## WORK INSTRUCTION:
Beginning with the line that contains "Data Table 1: Mass, Volume, and", extract each line through the end of the listing below, with no additions or omissions.

## EXTRACTED RECORDS:
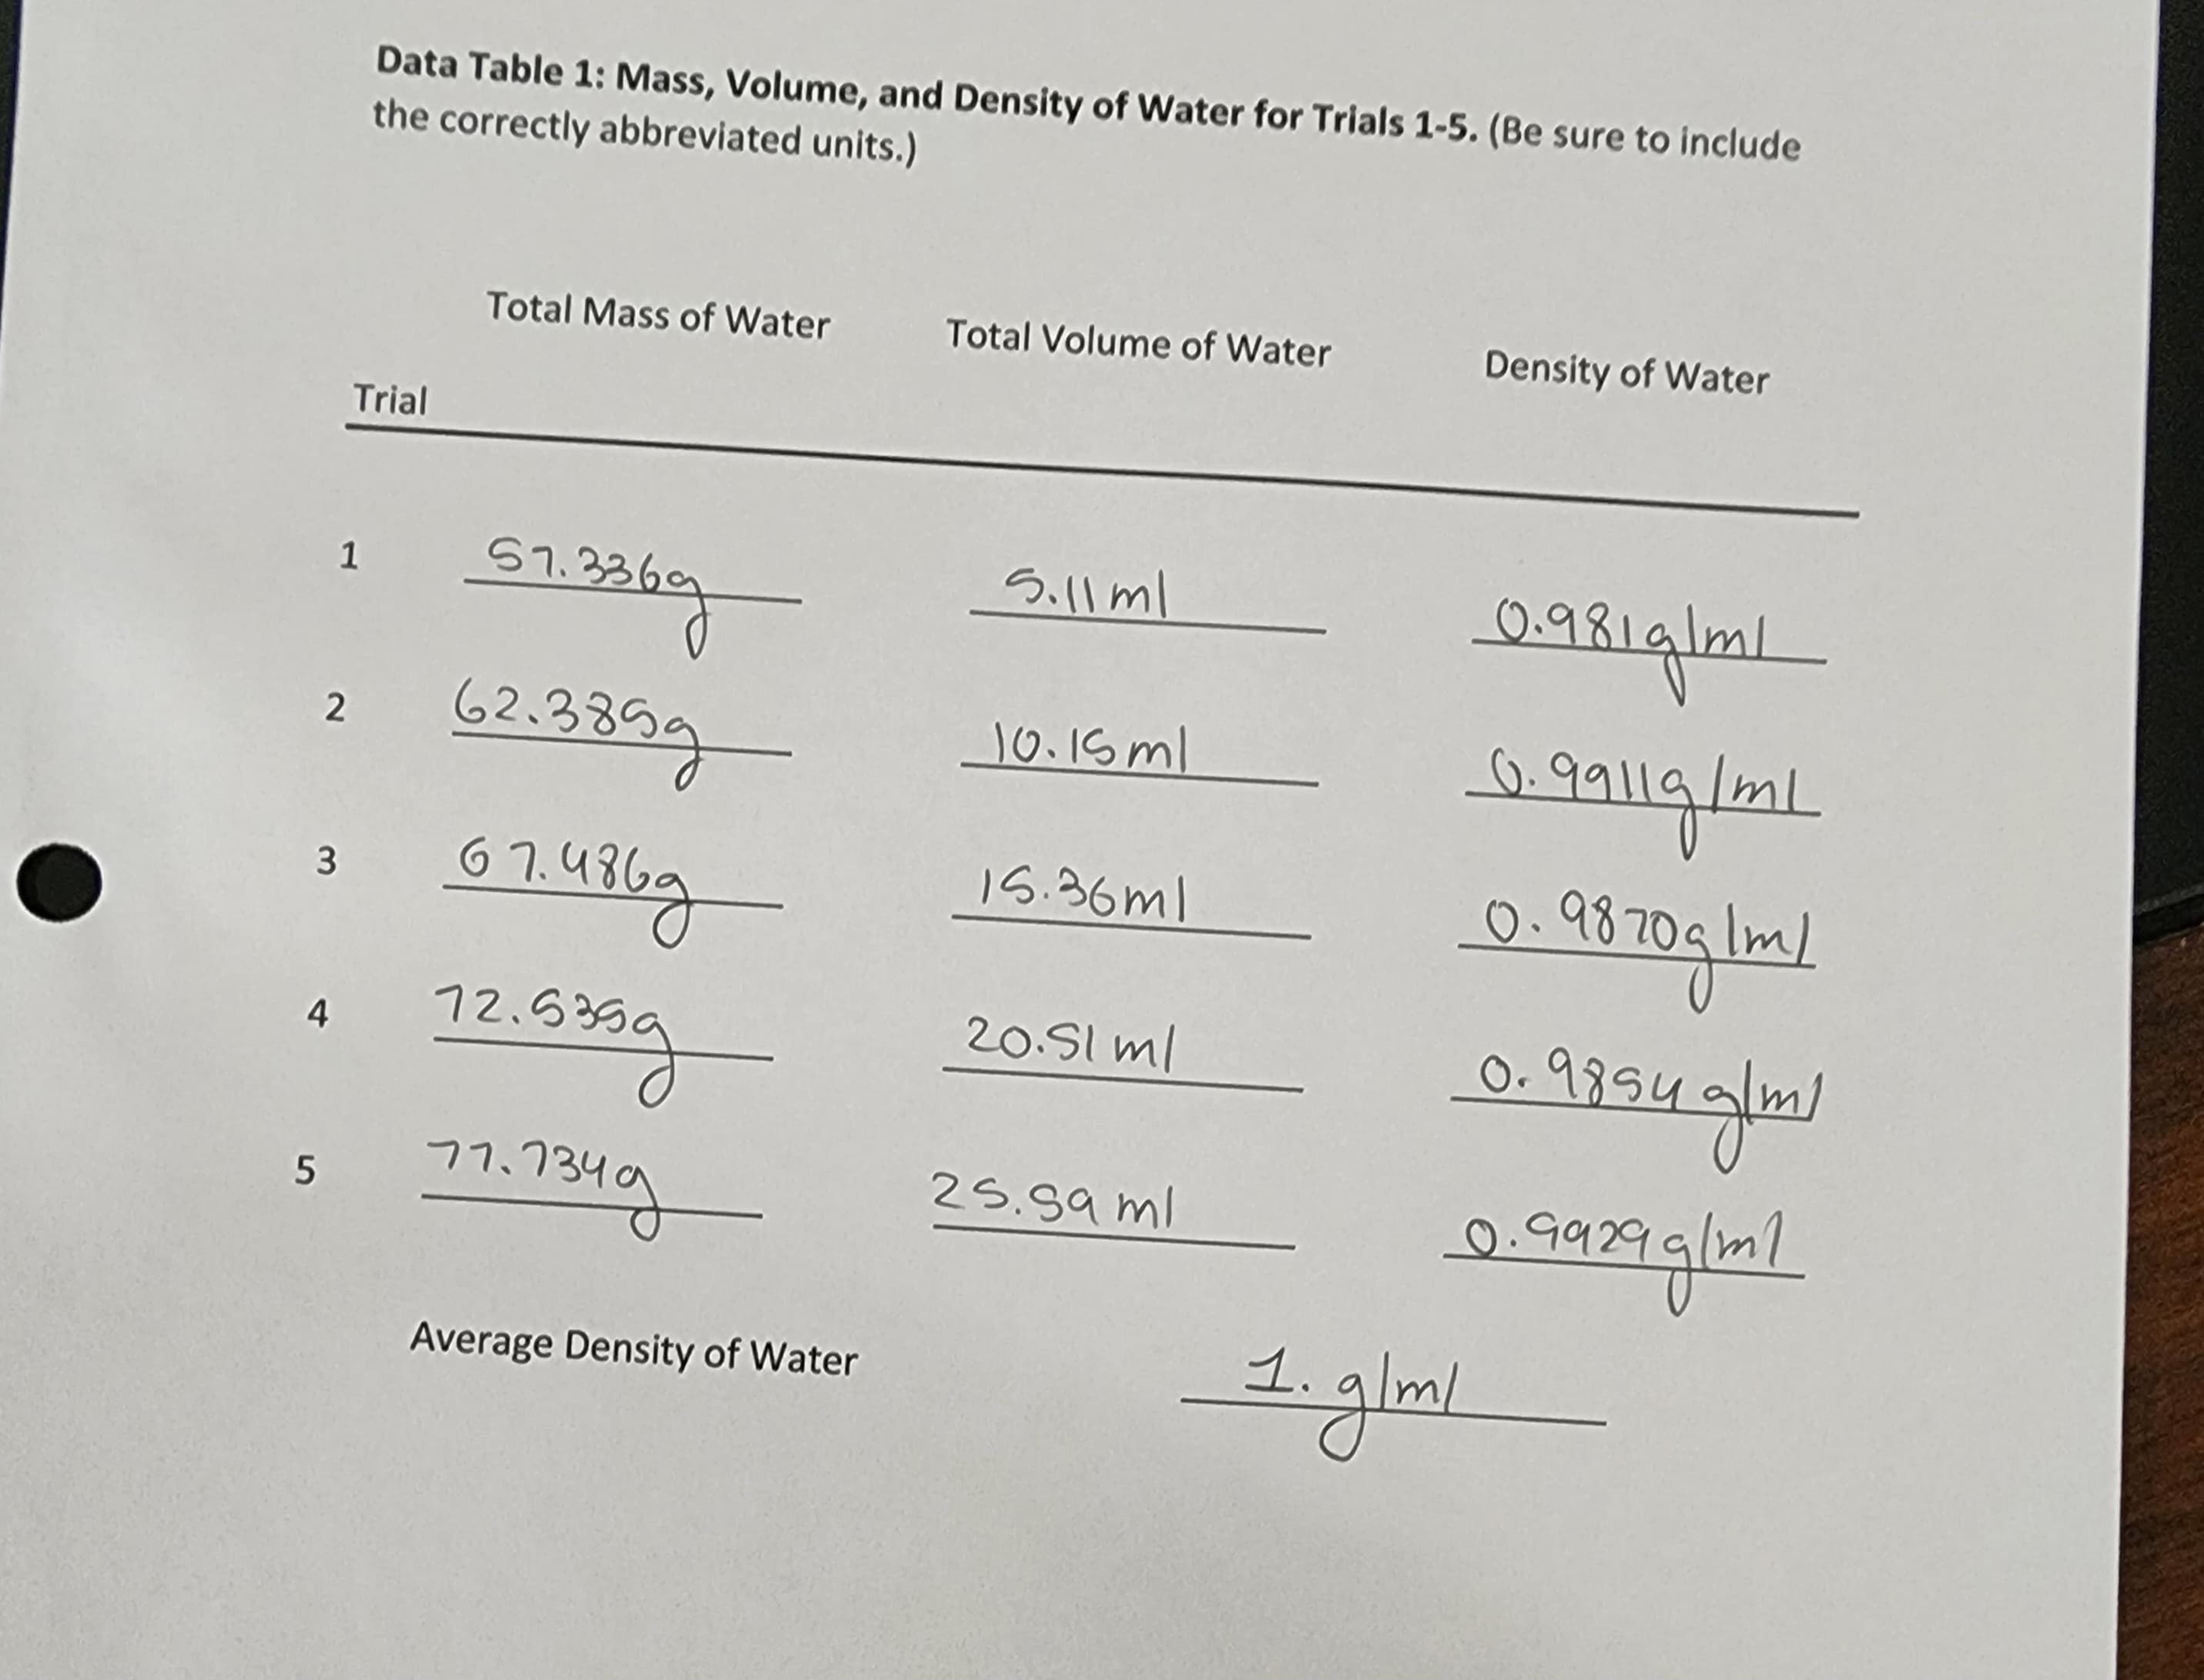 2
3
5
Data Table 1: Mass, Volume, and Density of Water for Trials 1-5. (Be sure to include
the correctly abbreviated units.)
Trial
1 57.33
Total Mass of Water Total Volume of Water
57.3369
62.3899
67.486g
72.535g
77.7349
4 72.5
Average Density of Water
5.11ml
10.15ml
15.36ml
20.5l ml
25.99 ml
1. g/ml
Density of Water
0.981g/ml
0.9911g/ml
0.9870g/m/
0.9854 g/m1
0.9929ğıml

## SOLUTION:
Data Table 1: Mass, Volume, and Density of Water for Trials 1-5. (Be sure to include
the correctly abbreviated units.)
Trial
1 57.33
Total Mass of Water Total Volume of Water
57.3369
62.3899
67.486g
72.535g
77.7349
4 72.5
Average Density of Water
5.11ml
10.15ml
15.36ml
20.5l ml
25.99 ml
1. g/ml
Density of Water
0.981g/ml
0.9911g/ml
0.9870g/m/
0.9854 g/m1
0.9929ğıml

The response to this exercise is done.